Does the 99% threshold apply to translated captions as well as English originals?

Yes. WCAG 2.1 AA Success Criterion 1.2.2 applies to captions for audio content in any language, and the 99% DCMP accuracy standard applies equally to translated caption tracks. Translated captions have additional failure modes beyond ASR accuracy: translation errors (wrong word in the target language), text-expansion timing misalignment (French and German translations of English source text typically run 15–25% longer, which can break synchronisation if the caption track was timed against the English source), and font/character encoding issues in East Asian language caption tracks. The multilingual caption workflow post covers the full translation pipeline; error-rate scoring for translated captions uses the same DCMP formula applied to a reference transcript in the target language.
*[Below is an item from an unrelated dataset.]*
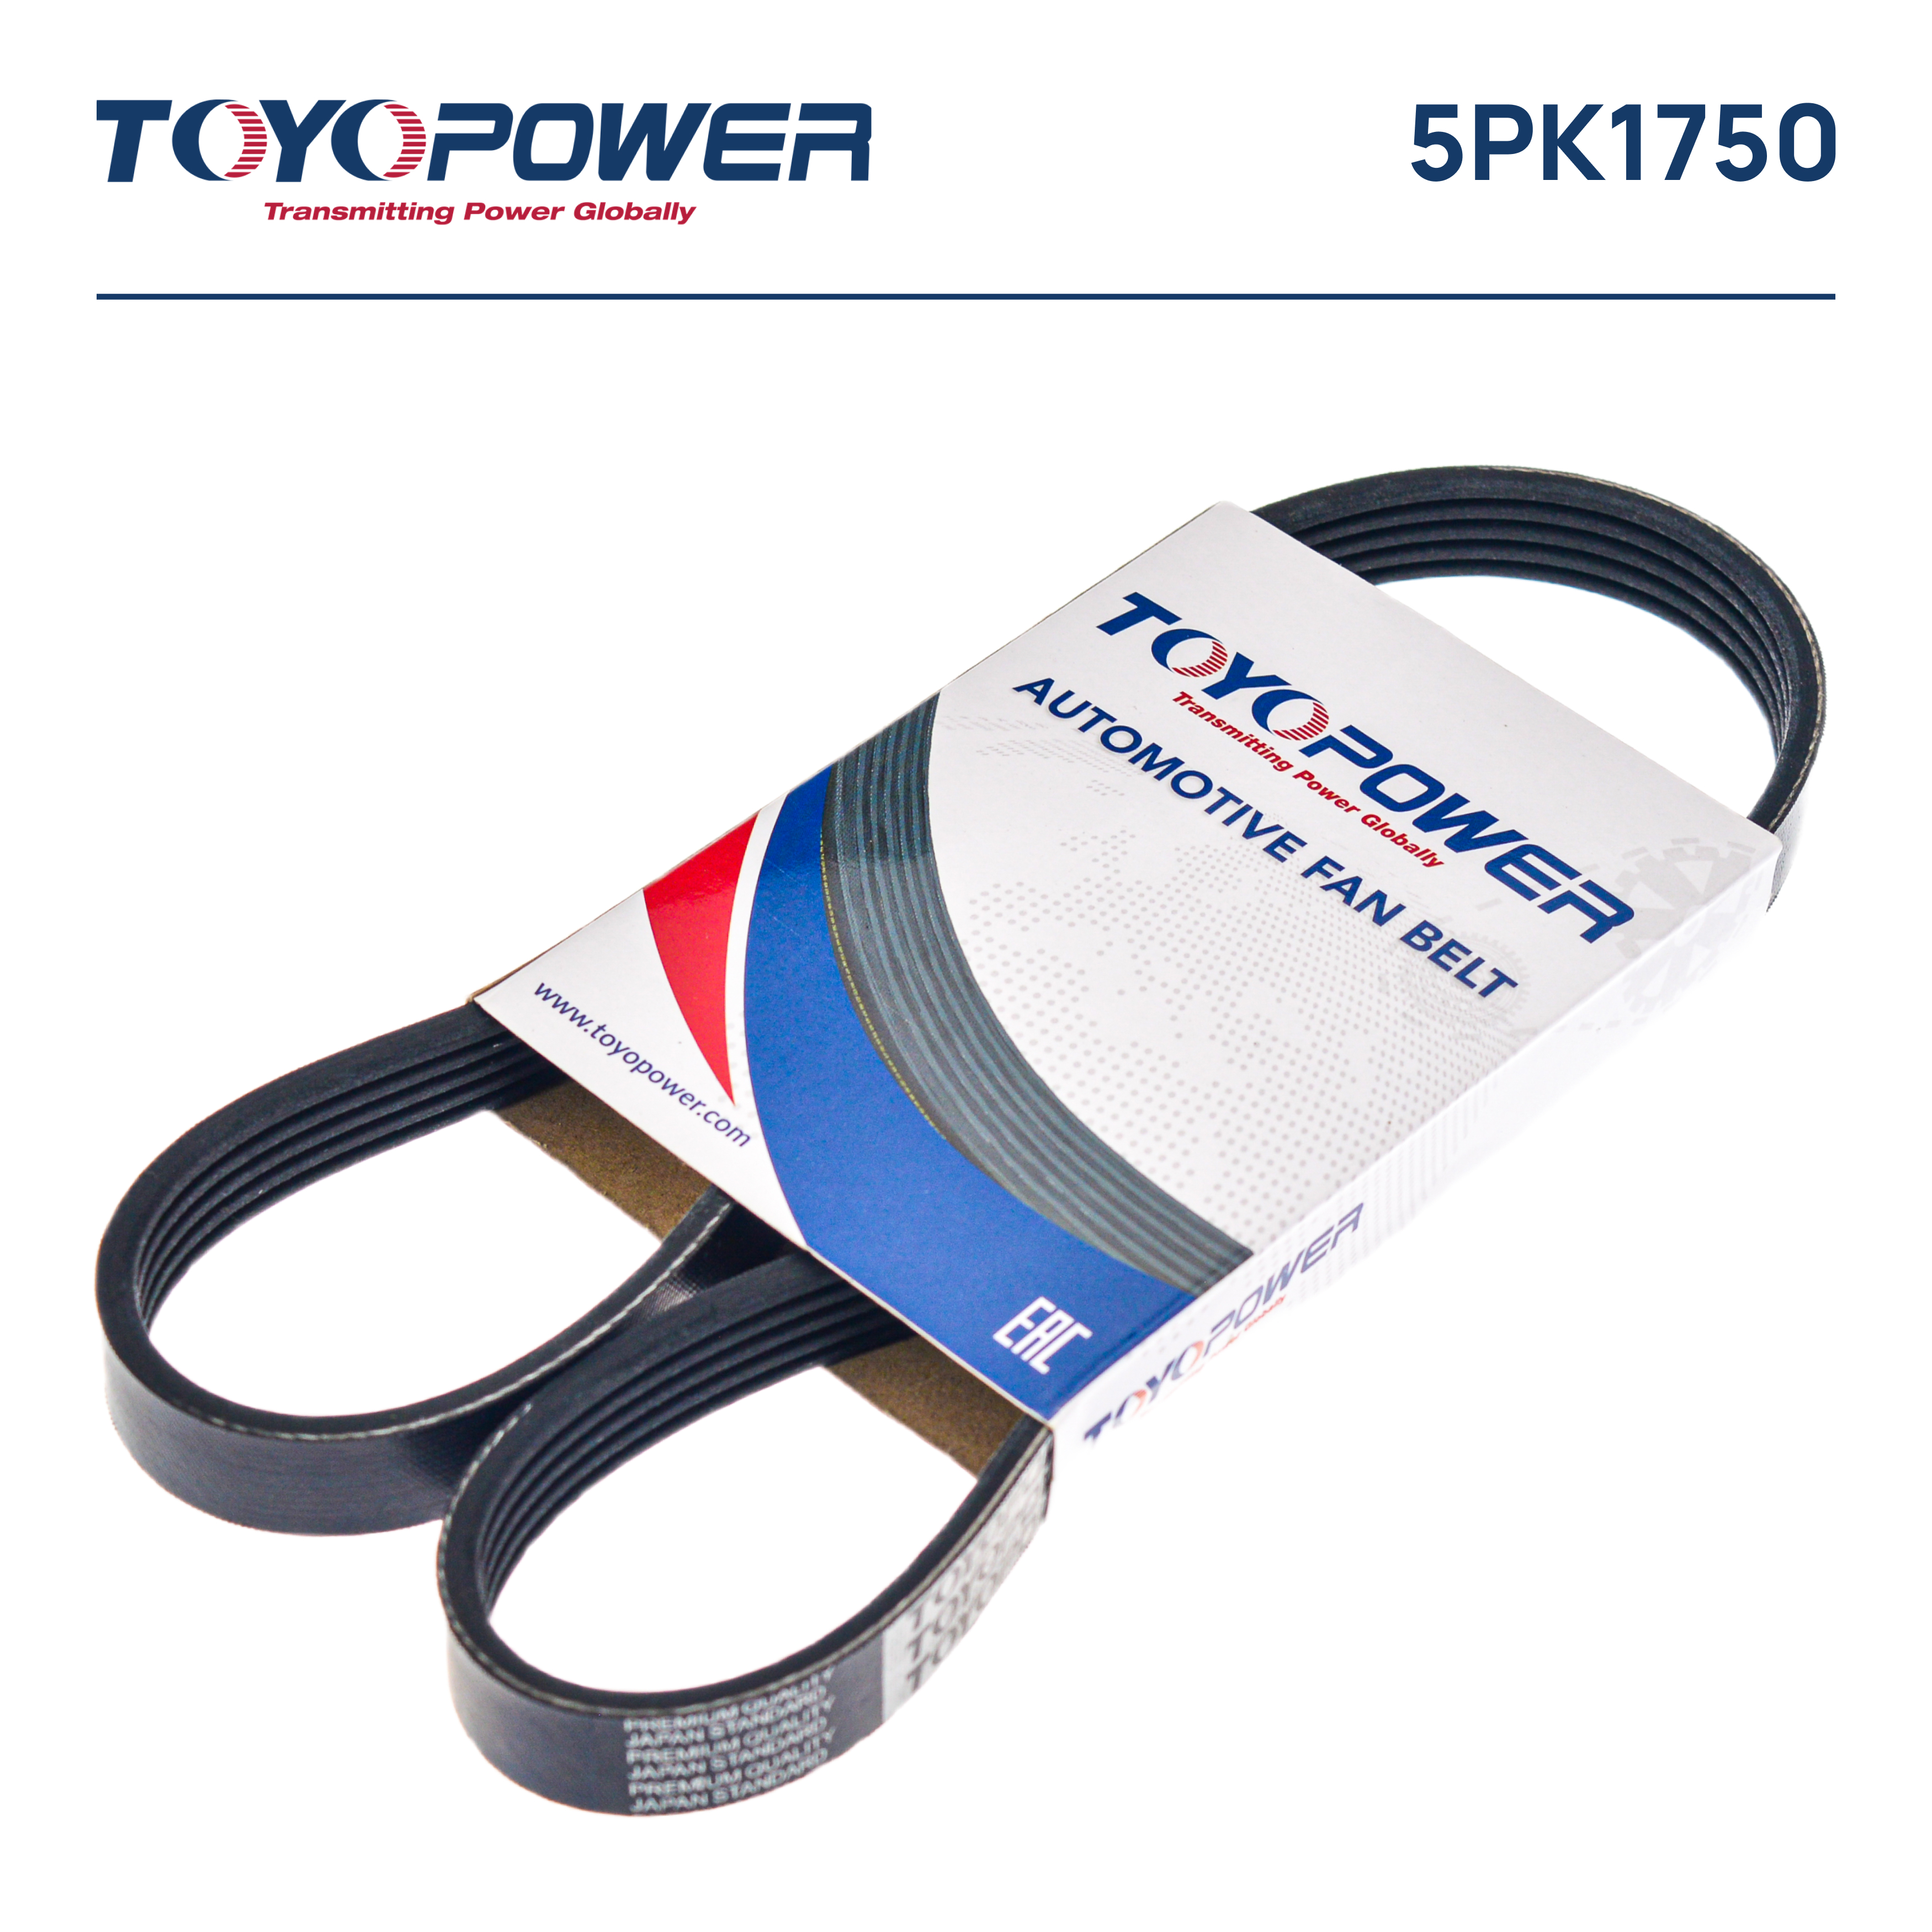 Ремень поликлиновый - Toyopower 5PK1750

If a module fails the QA score, should I return it to the vendor or correct it in-house?

Vendor return is strongly preferred for modules that fail by more than 1 percentage point (accuracy below 98%). In-house correction of a moderately accurate track (97–98%) is often faster for small batches, but it shifts the correction labour cost from the vendor to your team, normalises the vendor’s below-threshold delivery, and creates a question about whether the in-house corrections were applied consistently and documented. A contract with a free re-delivery clause for tracks below 97% DCMP accuracy removes this choice: vendor re-delivery is the contractual remedy. For modules that fail by less than 1 percentage point (98–99% accuracy), in-house correction with a targeted pass to fix the specific error types identified in the QA log is typically faster than vendor re-submission, provided the errors are not systematic (which would indicate a deeper production failure requiring escalation).